WHAT THE EXERCISE ASKS – Starting at the line that contains "1970 FORD MUSTANG", transcribe each line through the end of the material below, exactly and nothing else, leaving out the pictures.

MATERIAL PROVIDED –
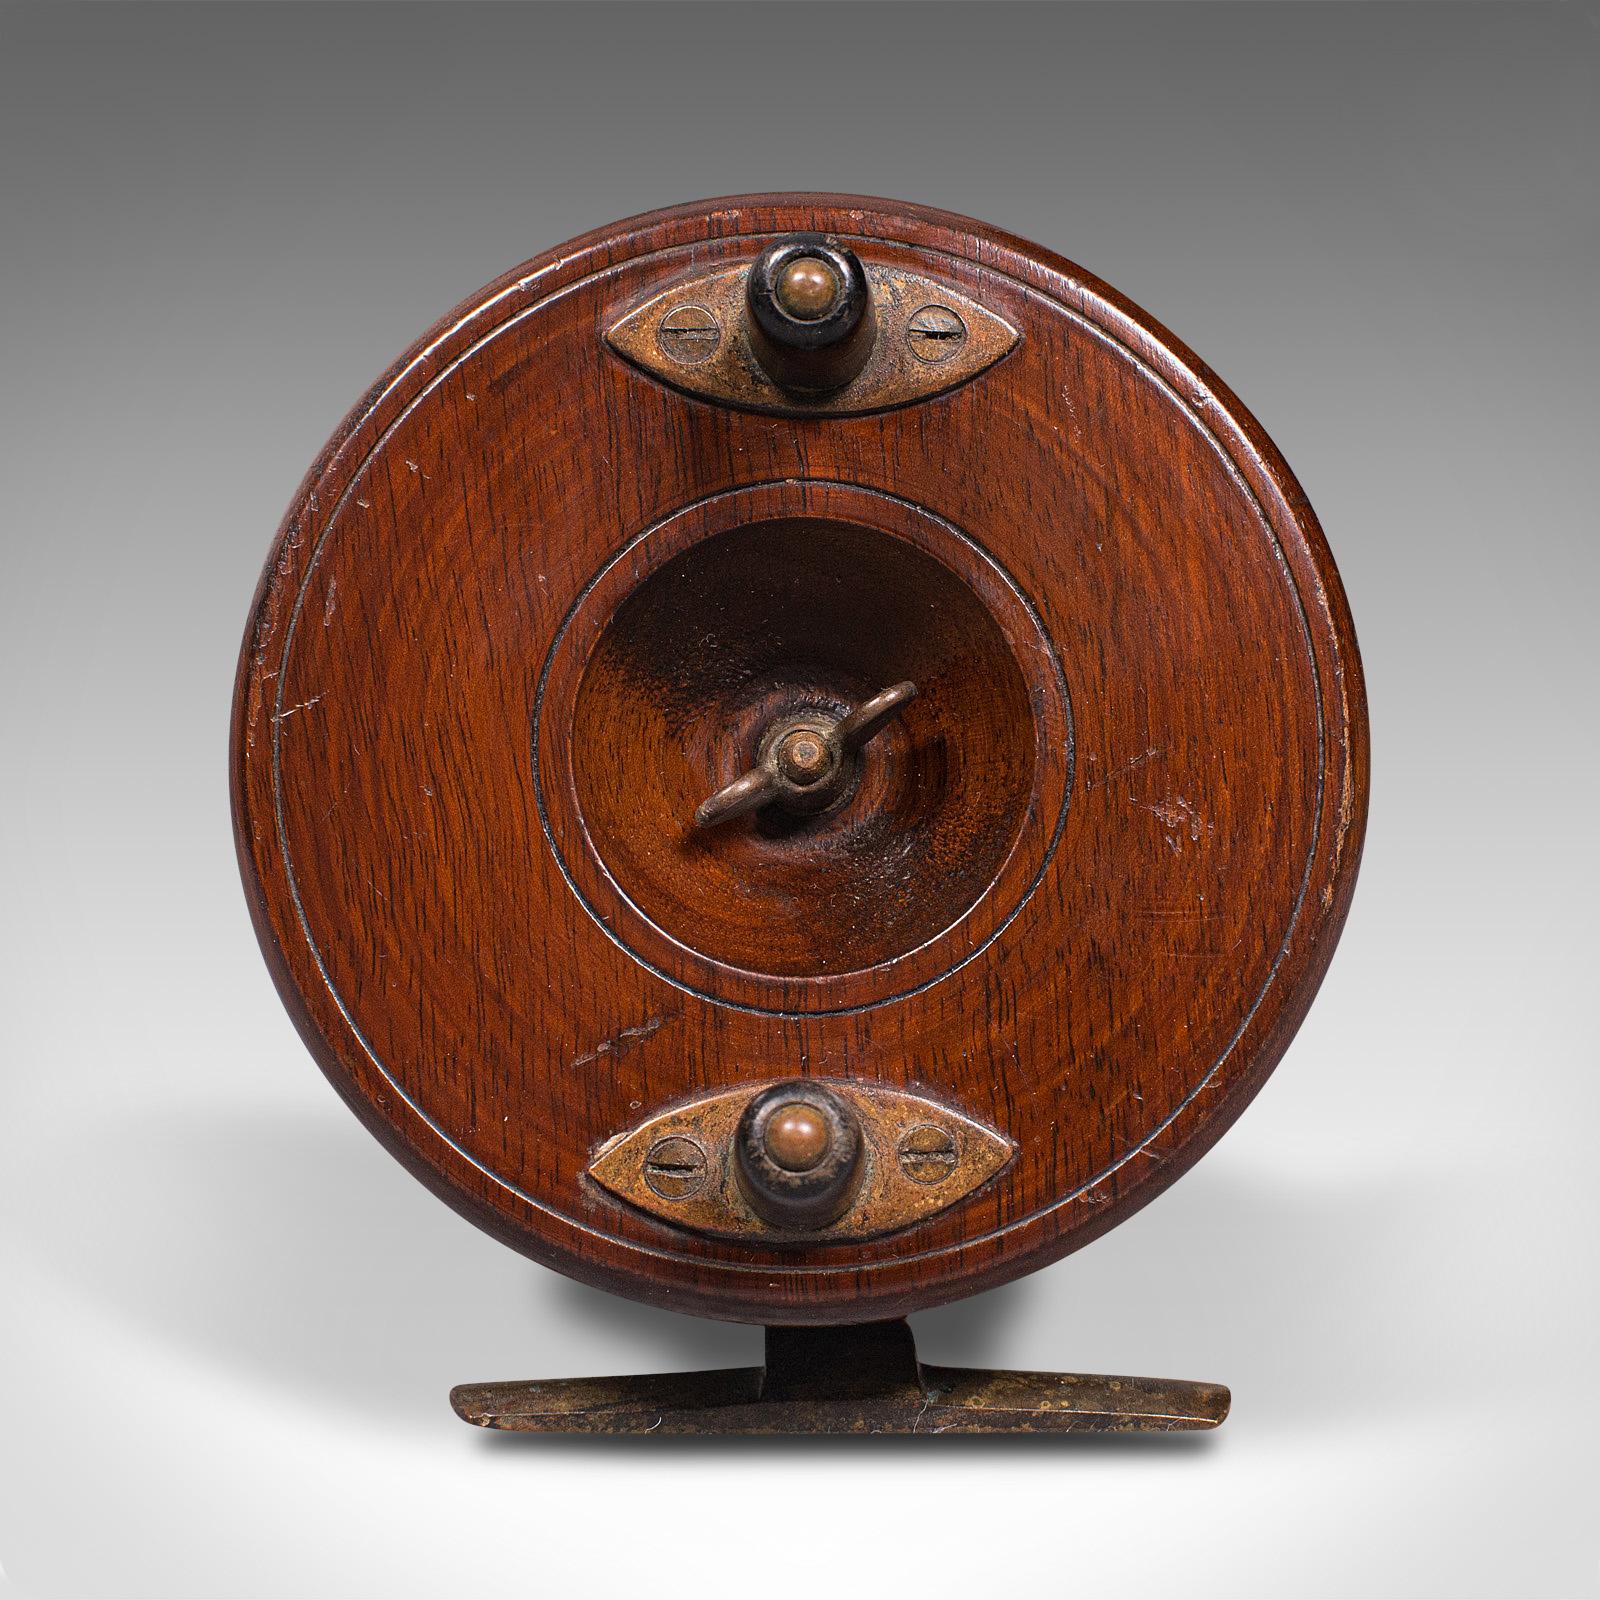 This is an antique starback fishing reel. An English, mahogany and brass decorative 4
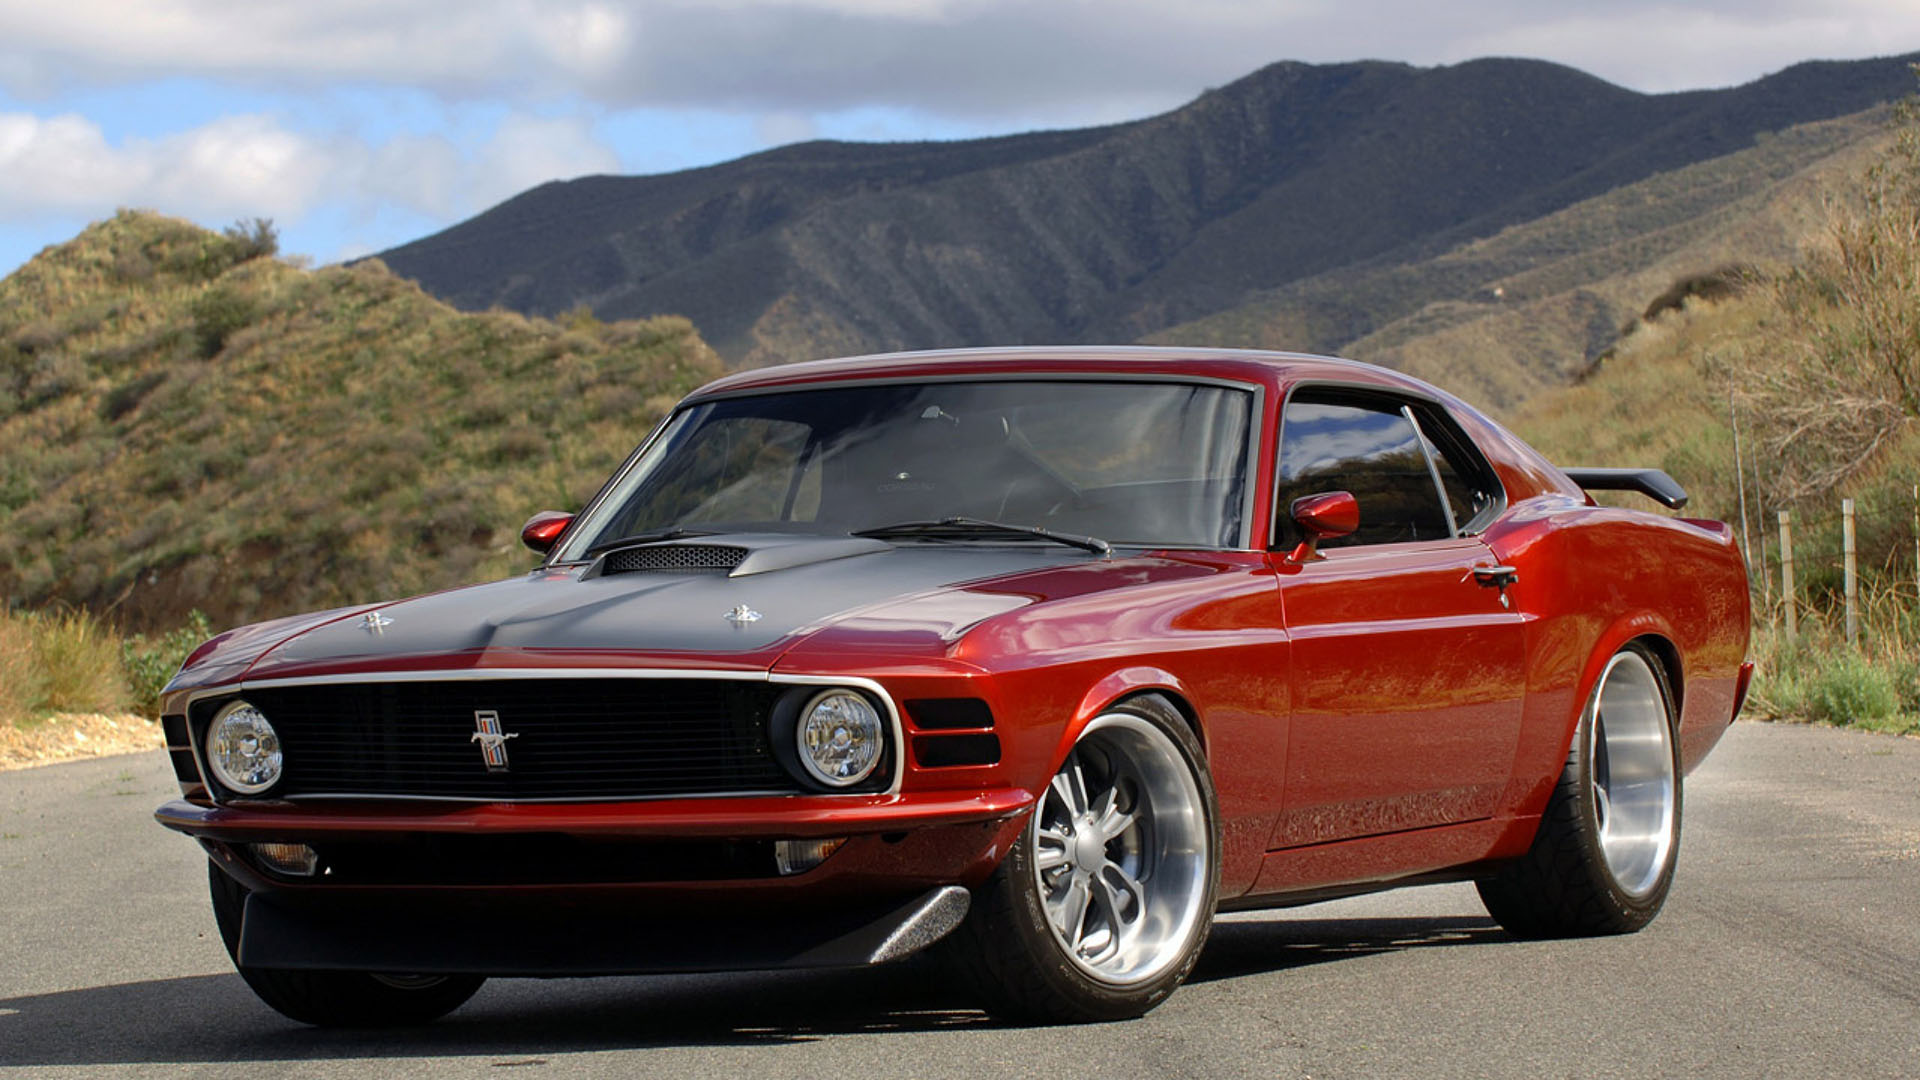 1970 FORD MUSTANG | Best New Cars 2015 | Release Date 2016 Reviews
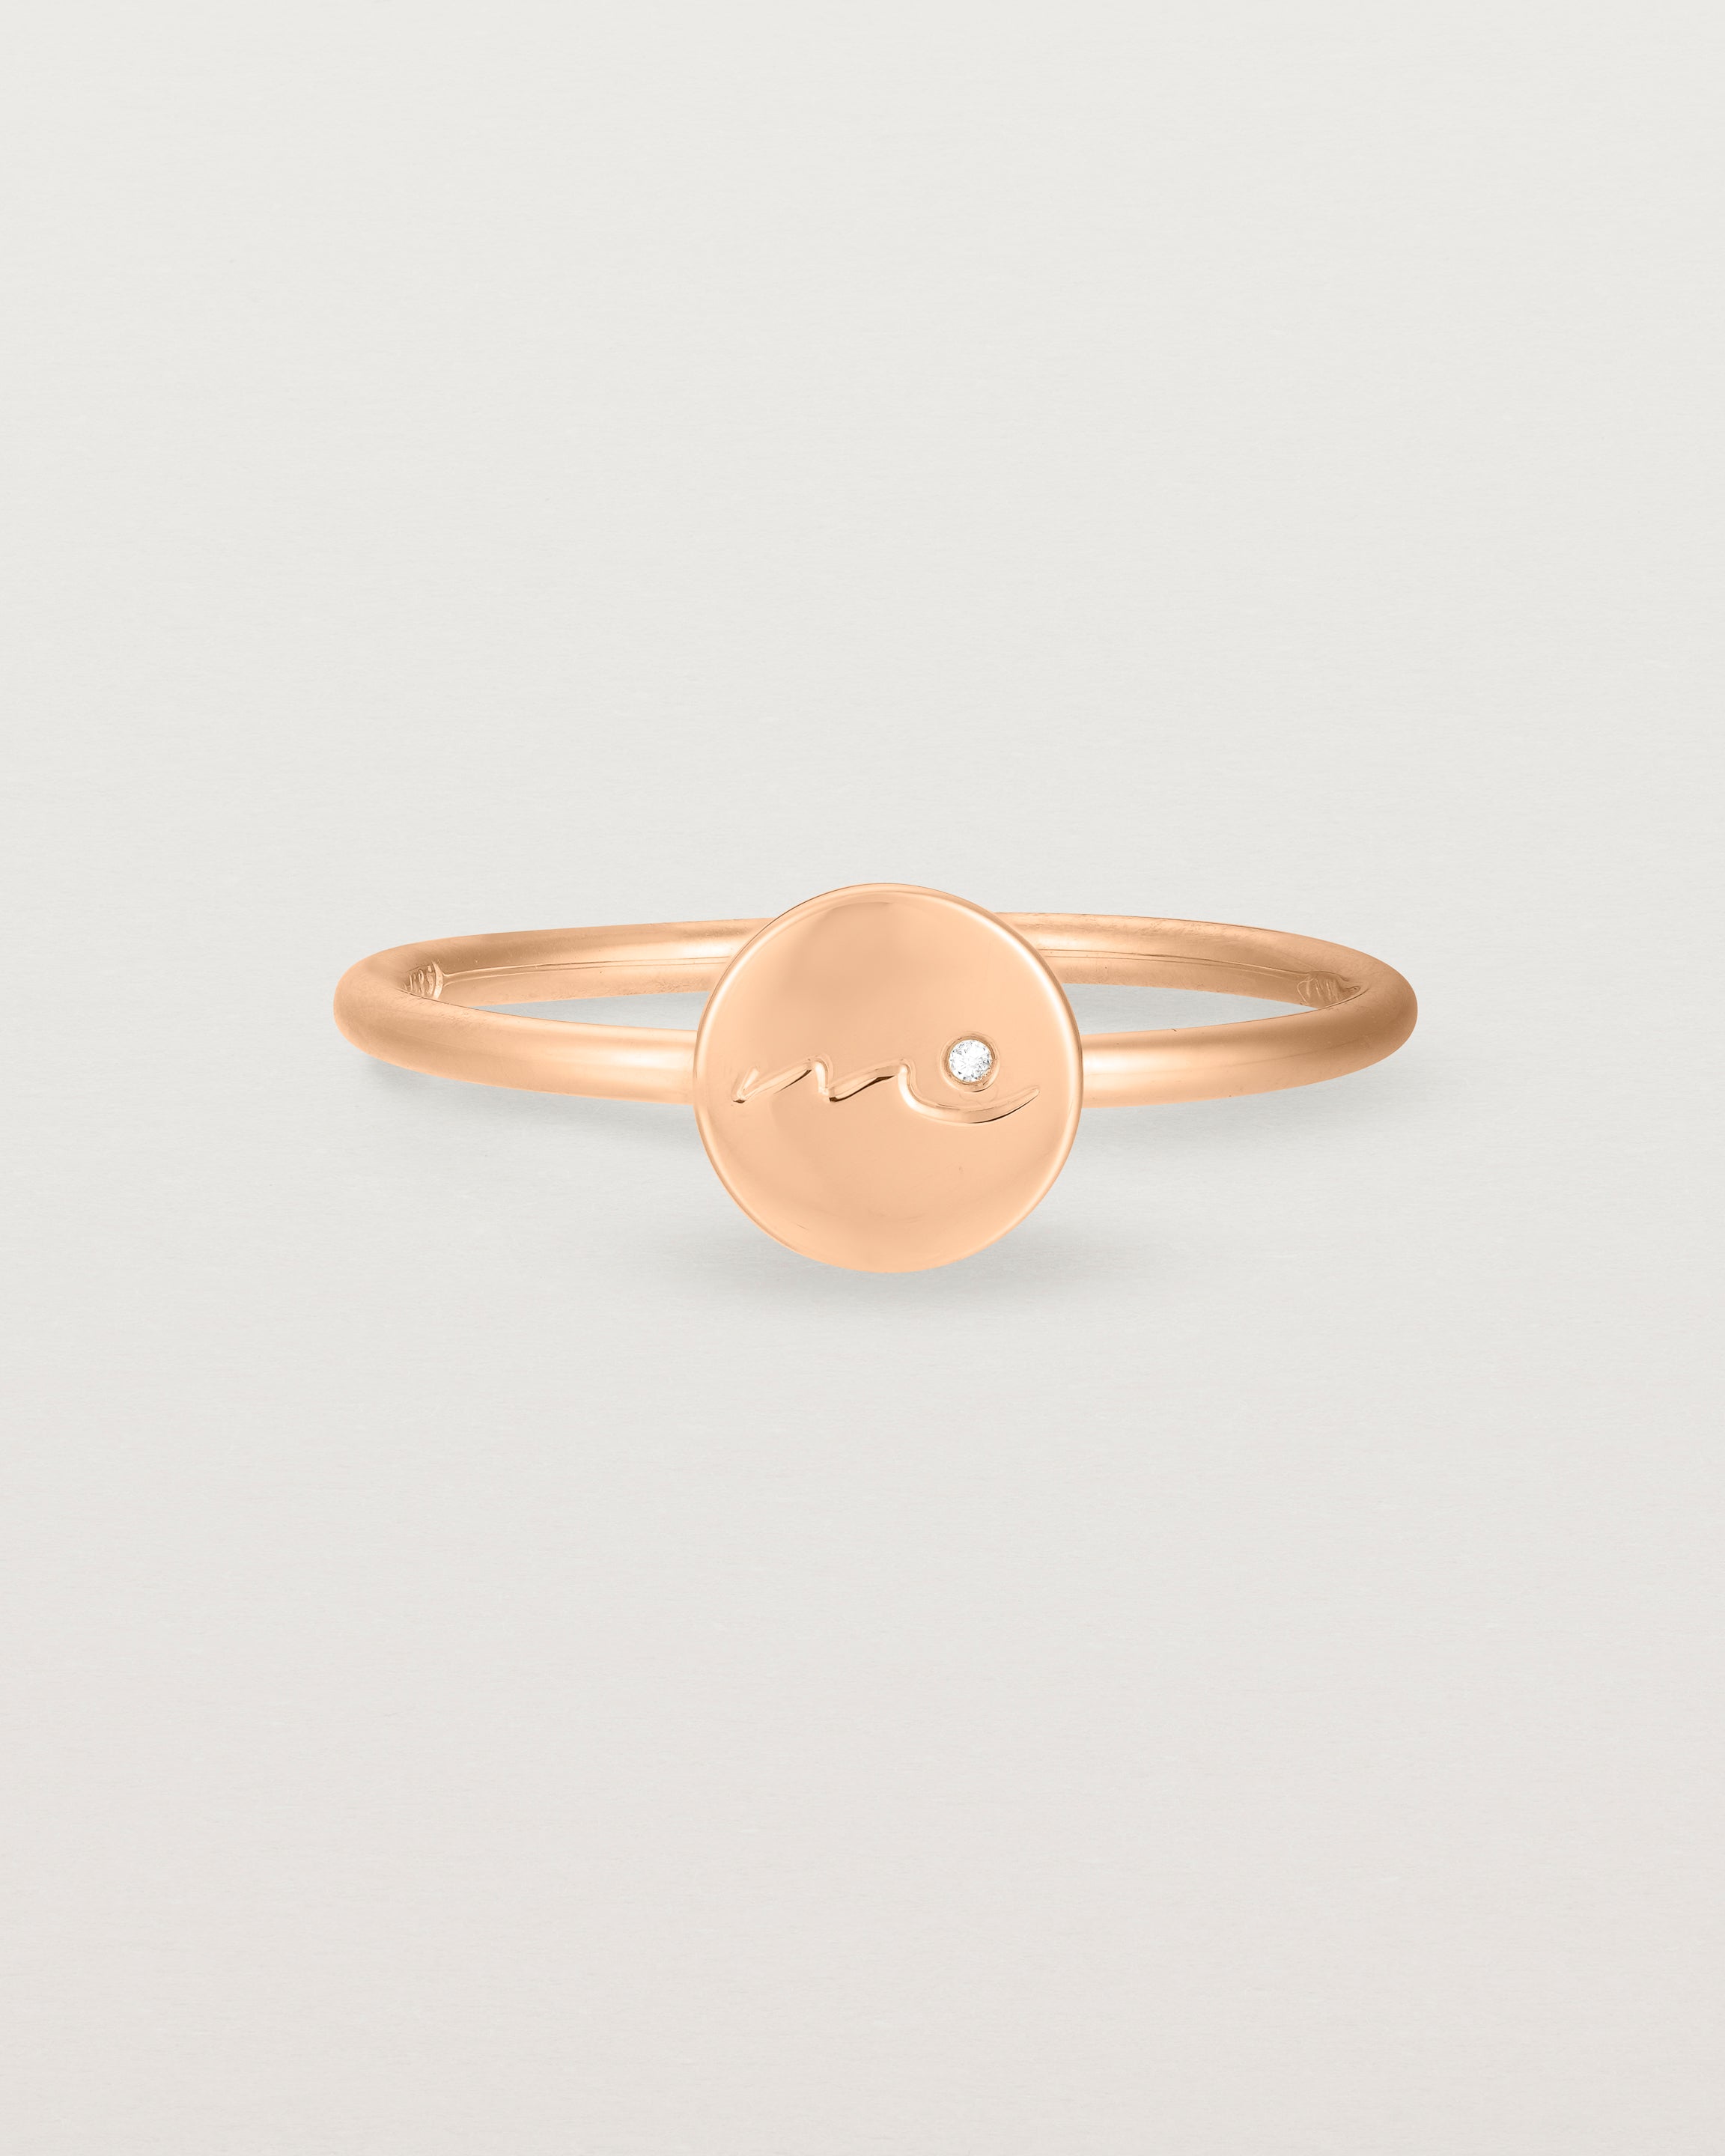 Front view of a rose gold ring featuring a disc with the letter m engraved and a small diamond set

RESPONSE FOR THIS EXERCISE –
 1970 FORD MUSTANG | Best New Cars 2015 | Release Date 2016 Reviews
 Front view of a rose gold ring featuring a disc with the letter m engraved and a small diamond set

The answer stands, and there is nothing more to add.